• [REQUIRED WORK]:
Only some lines are wanted. Transcribe, exactly, the lines below from the line with "The Home Edit" up to and including the line with "lake station single".

• [INFORMATION SUPPLIED]:
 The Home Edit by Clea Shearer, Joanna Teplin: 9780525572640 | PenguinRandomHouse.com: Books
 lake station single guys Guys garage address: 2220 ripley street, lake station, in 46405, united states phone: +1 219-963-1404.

---

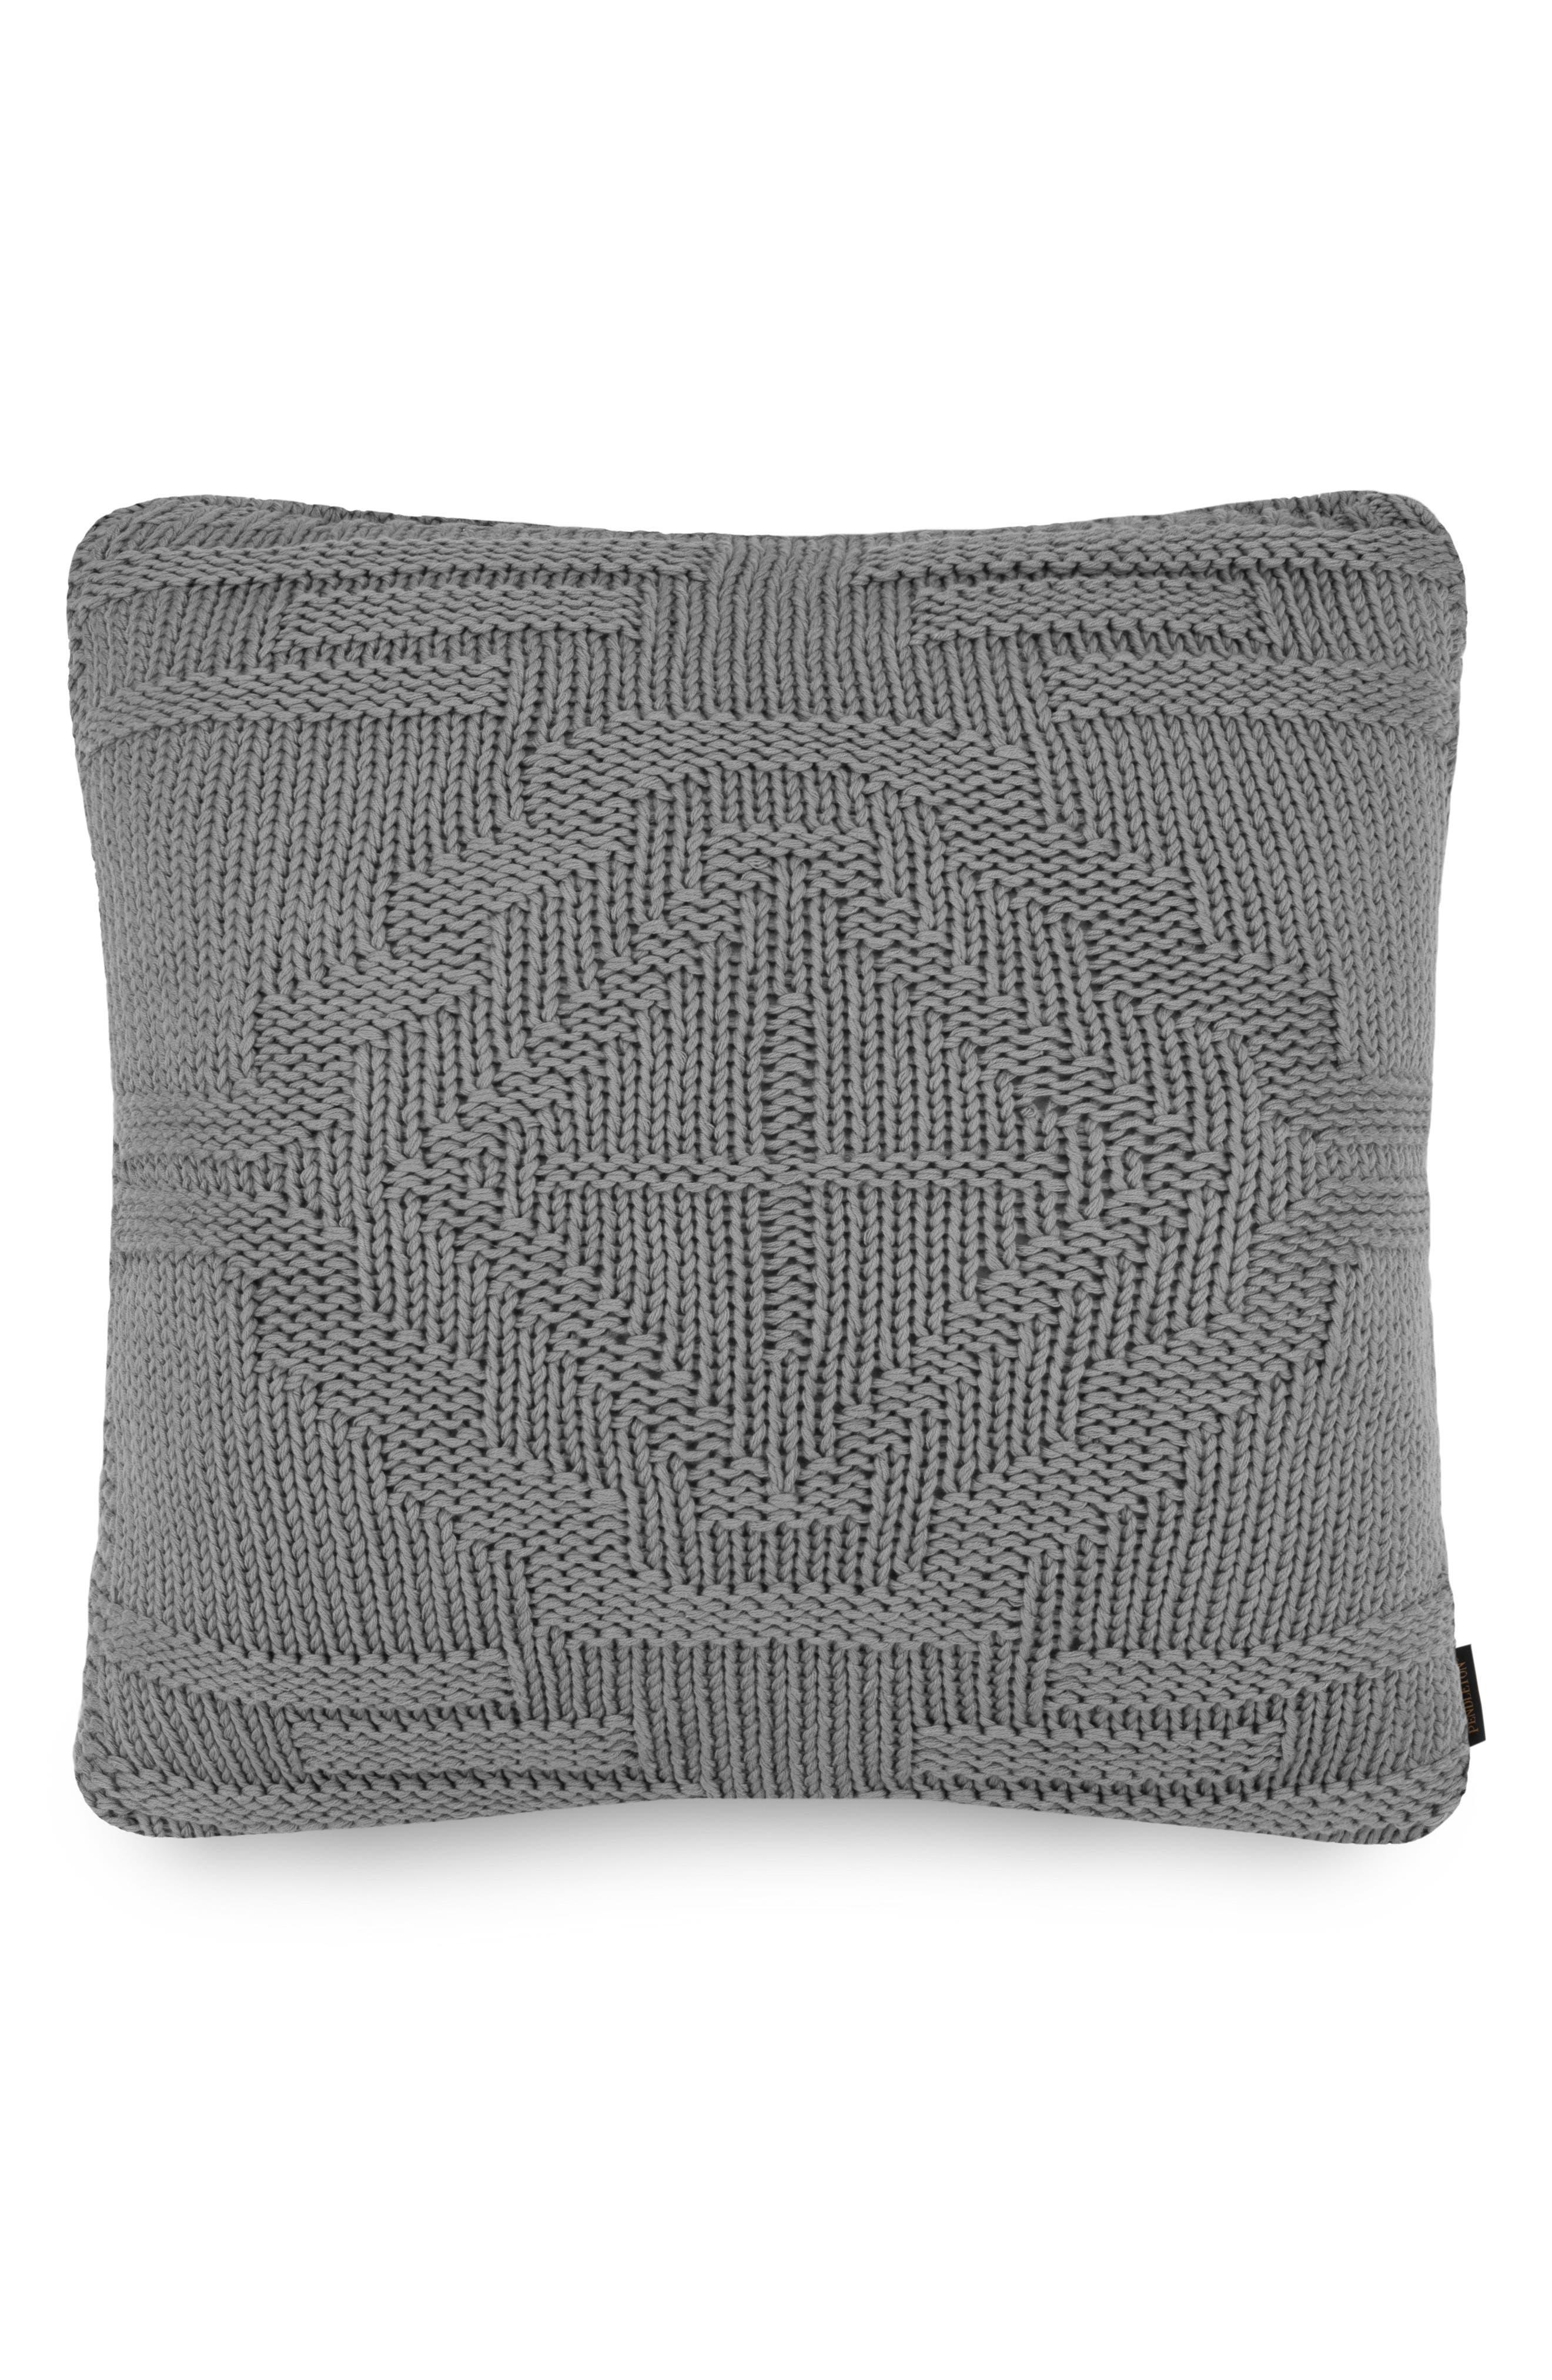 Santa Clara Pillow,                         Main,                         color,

• [EXPECTED ANSWER]:
 The Home Edit by Clea Shearer, Joanna Teplin: 9780525572640 | PenguinRandomHouse.com: Books
 lake station single guys Guys garage address: 2220 ripley street, lake station, in 46405, united states phone: +1 219-963-1404.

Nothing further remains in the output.